Em suma, ainda que nos últimos anos venha se intensificando o interesse pelas análises acerca de "cor/raça" como fatores determinantes de desigualdades em saúde no Brasil 9,10, persistem dificuldades importantes em função da cobertura e qualidade das bases de dados, além da complexidade sócio-antropológica relativa aos sistemas de classificação 11,12,13,14.
As transformações da epidemia
Ao longo das décadas de 1980 e 1990, a epidemia de AIDS no Brasil experimentou modificações substanciais na sua dinâmica.
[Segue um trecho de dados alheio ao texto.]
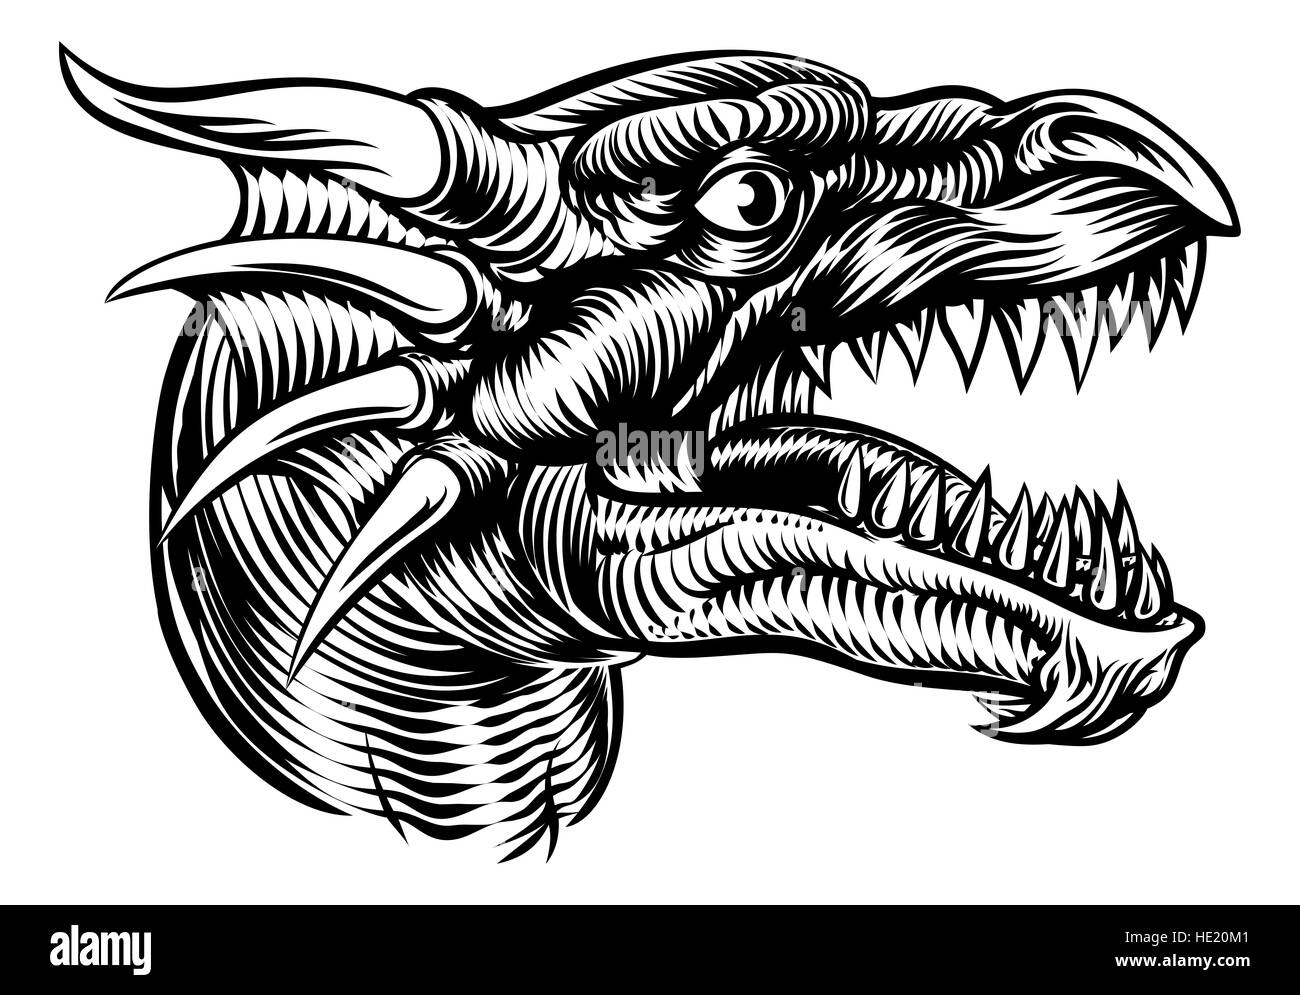 Illustrazione originale di un mostro testa di drago in un vintage retrò stile xilografia Foto Stock

No seu início, excepcionalmente, a AIDS afetou de forma marcante estratos médios e superiores da sociedade, a partir da introdução do vírus no país decorrente da interação de brasileiros com nacionais de países desenvolvidos (norte-americanos e europeus), afetados, à ocasião, por uma epidemia nascente.
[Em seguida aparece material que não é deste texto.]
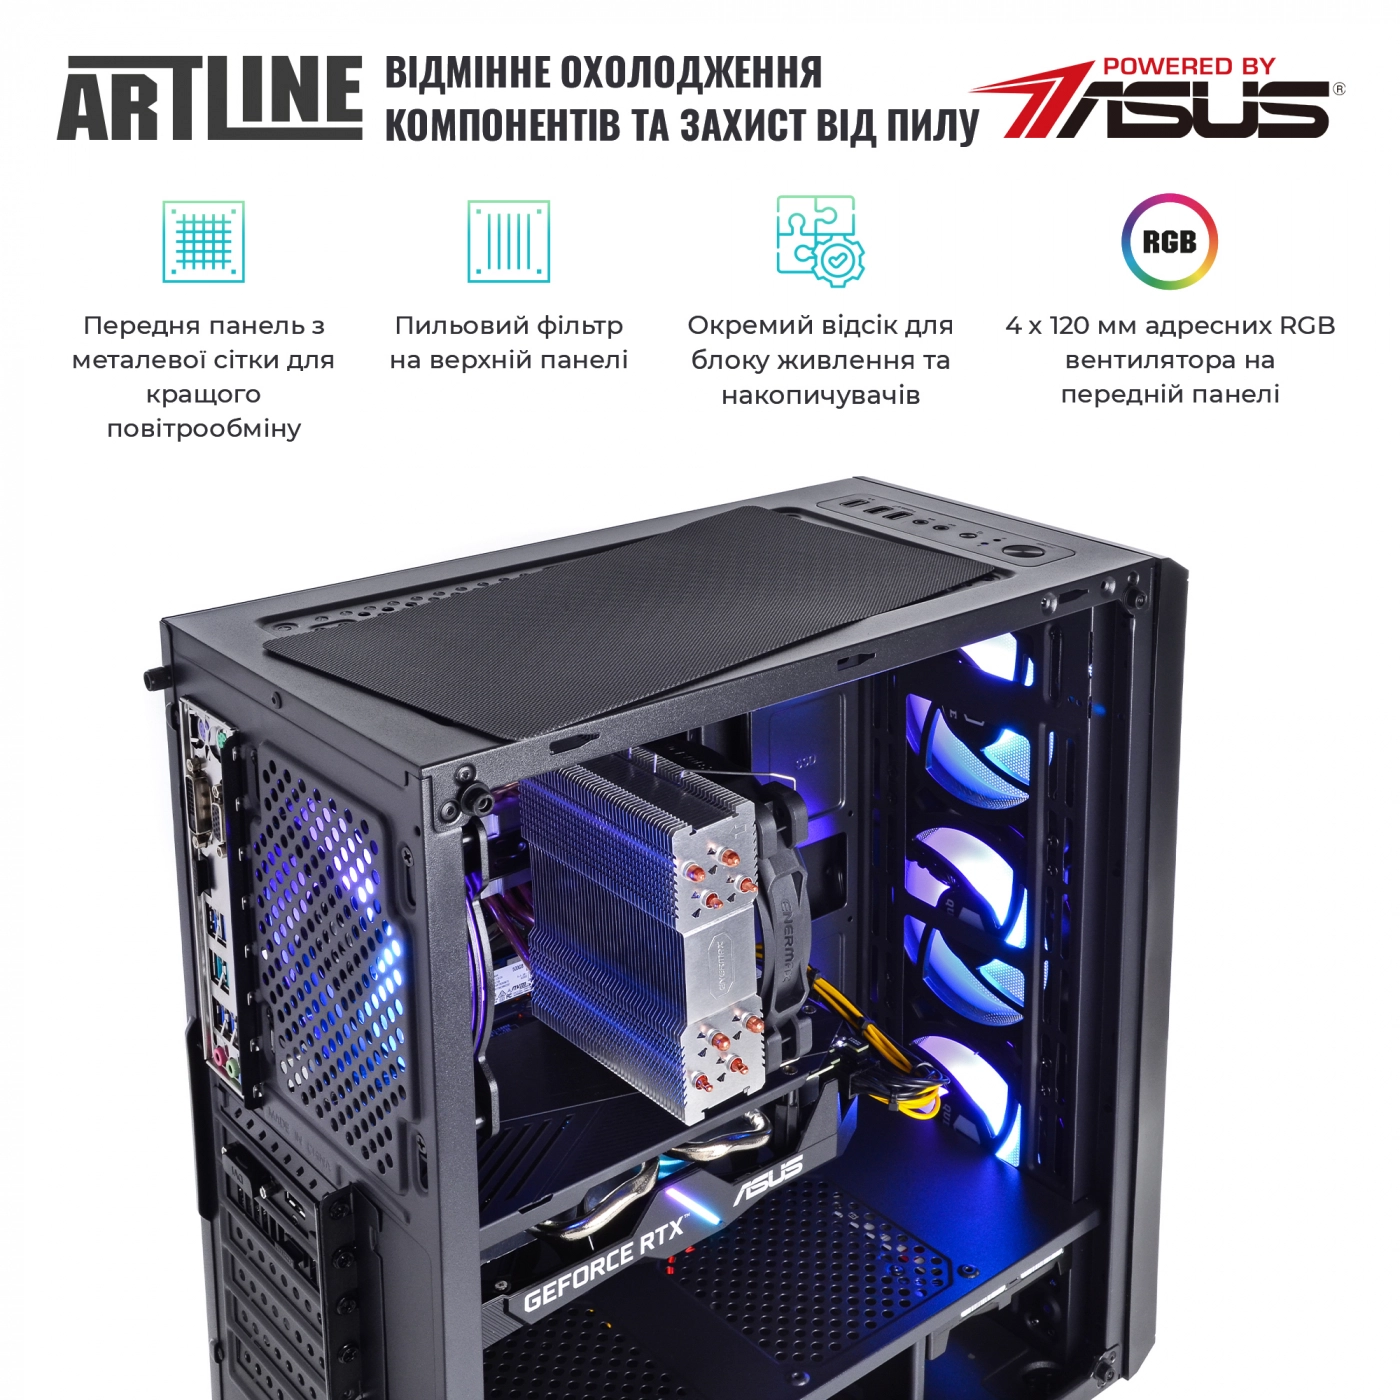 Купить Компьютер ARTLINE Gaming X77v56 - фото 4
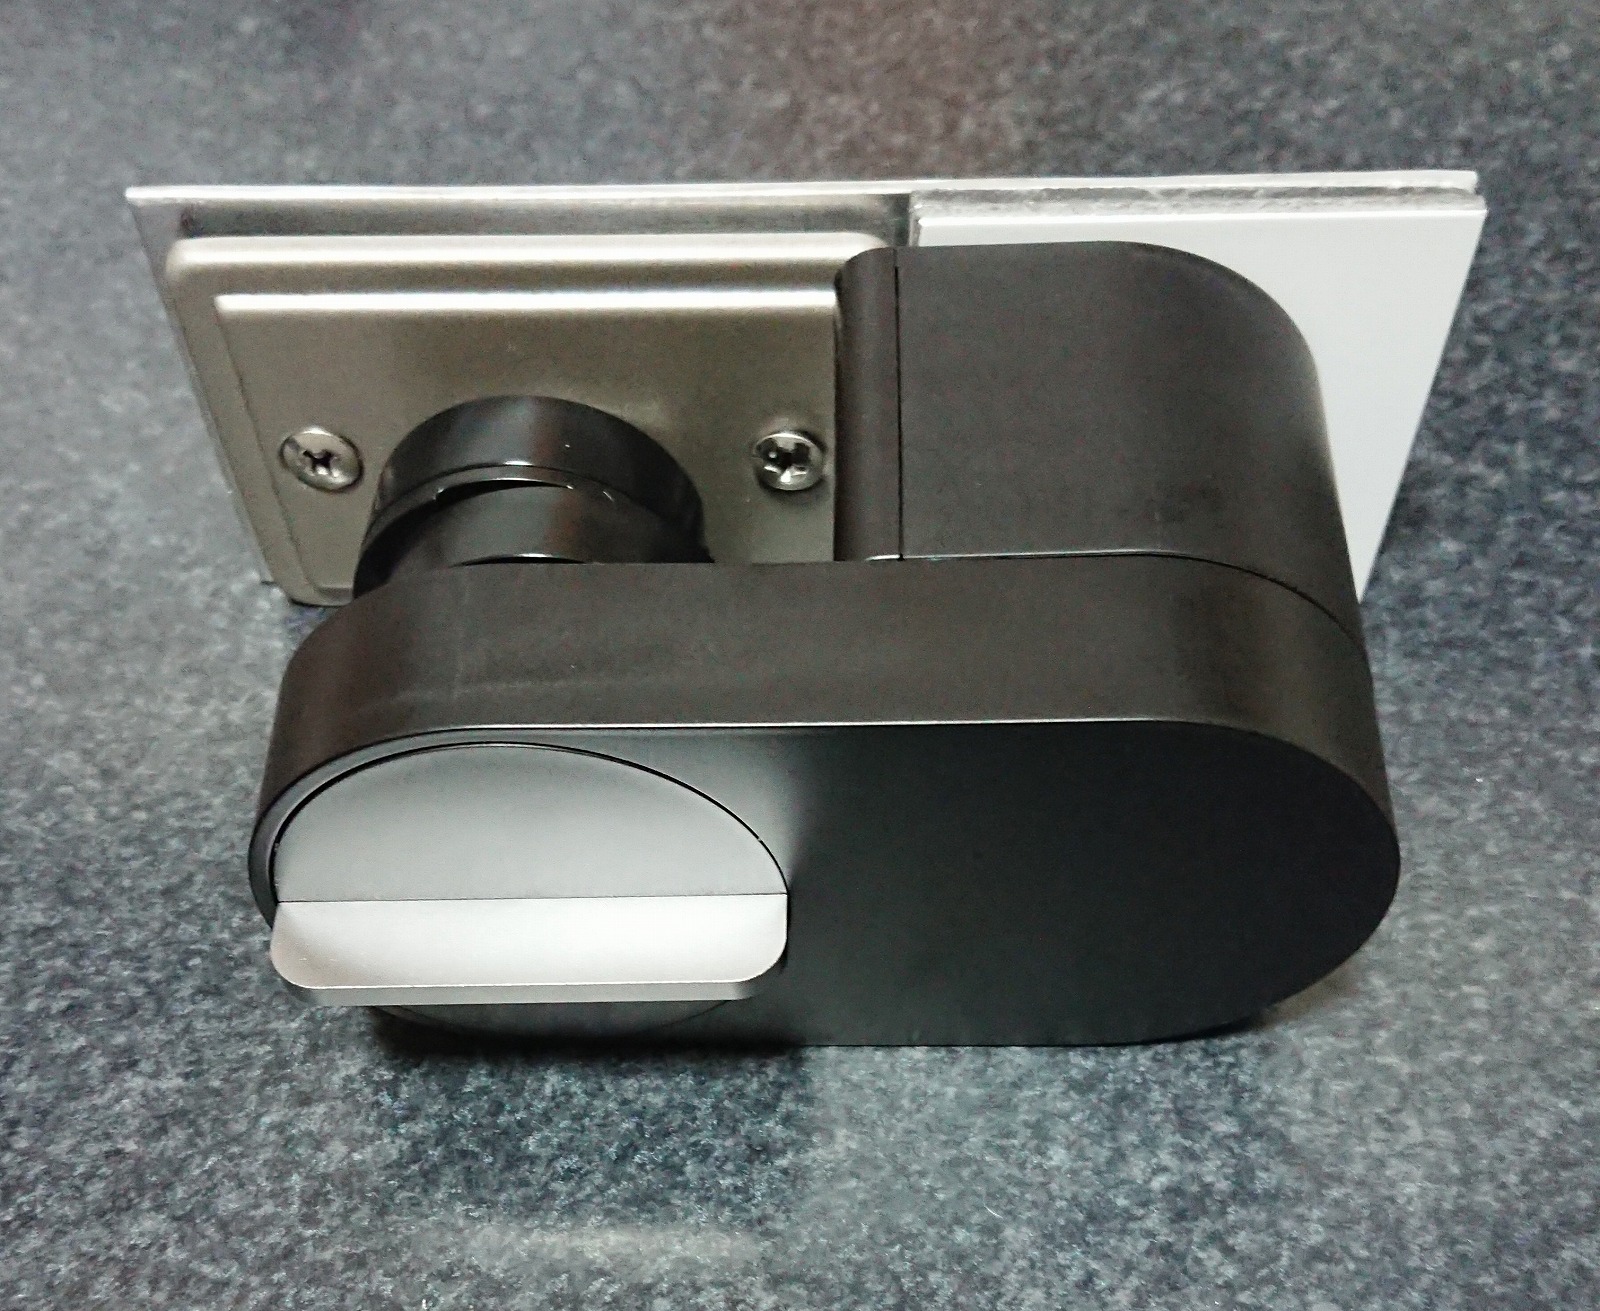 Qrio Lock Q-SL2を両面テープ貼りつけではなく、ねじ止め固定する

Não por acaso, a epidemia brasileira se inicia com a disseminação de subtipos virais que, à época, predominavam na epidemia norte-americana e européia 15, e não por intermédio de subtipos virais então predominantes no continente africano (amplamente majoritários na epidemia no nível mundial). Configurou-se, portanto, uma situação de concentração da epidemia em contingentes populacionais delimitados, particularmente das camadas média e alta. Após uma fase inicial, a epidemia brasileira só poderia trilhar dois caminhos: permanecer como uma epidemia "prevenida", como, por exemplo, na Austrália, que atingiu basicamente homossexuais masculinos numa etapa inicial, para depois declinar nesta população, sem atingir de forma relevante quaisquer outros segmentos populacionais 16; ou, como veio a ocorrer, disseminar-se para estratos mais amplos, majoritariamente desfavorecidos, da população: o que a literatura descreve como "pauperização".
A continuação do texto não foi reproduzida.